Микеланджело моргал глазами, не отвечая ни слова.

— Ты любишь своего отца, Граначчи?

— Люблю.

— Я завидую тебе.

— Значит, ты должен быть добрее и по отношению к своему отцу.

— Добрее?

— Да, если ты хочешь, чтобы он не делал тебе зла.

2

В Садах Медичи в отличие от боттеги Гирландайо никто не гнался за заработком. Доменико Гирландайо вечно спешил: ему надо было не только кормить большую семью, но и выполнять множество заказов с твердо установленными сроками.

Как далека была от этой спешки и суеты атмосфера, в которую попал в один прекрасный день Микеланджело, начав работу у Лоренцо Великолепного и Бертольдо. Здесь царил совсем иной дух, все было пронизано одной заботой:

«Не торопитесь, работайте тщательно. У нас здесь одна-единственная цель — учиться. Мы постоянно говорим вам: упражняйтесь! Мы стремимся довести до совершенства лишь ваше искусство, ваше мастерство. Вам надо добиться одного: зрелости. Наберитесь терпения. Готовьте себя к тому, чтобы стать пожизненно скульпторами».
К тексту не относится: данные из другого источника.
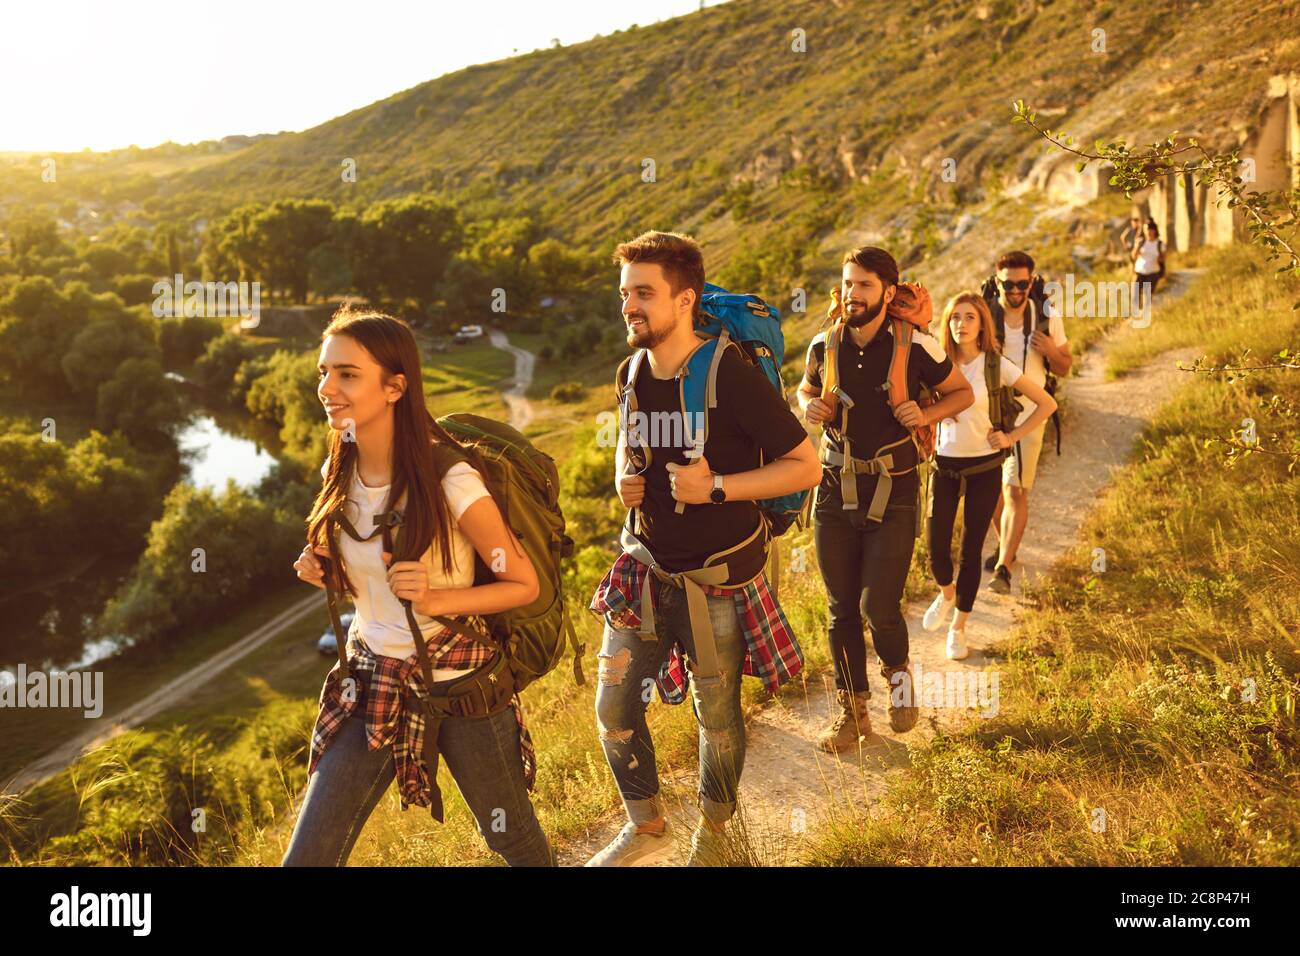 Les jeunes avec des sacs à dos marchent le long d'un chemin étroit dans les montagnes. Groupe de touristes joyeux randonnée dehors en été Banque D'Images

Первым в Садах заговорил с Микеланджело Пьетро Торриджани, зеленоглазый блондин, силач и красавец. Сверкая белозубой улыбкой, он сказал вкрадчиво:

— Так вот кто, оказывается, подглядывал за нами. Мы прозвали тебя Привидением. Ведь ты все время бродил у ворот.

— Я и не догадывался, что на меня смотрят.

— Не догадывался. Да ты пожирал нас глазами! — рассмеялся Торриджани.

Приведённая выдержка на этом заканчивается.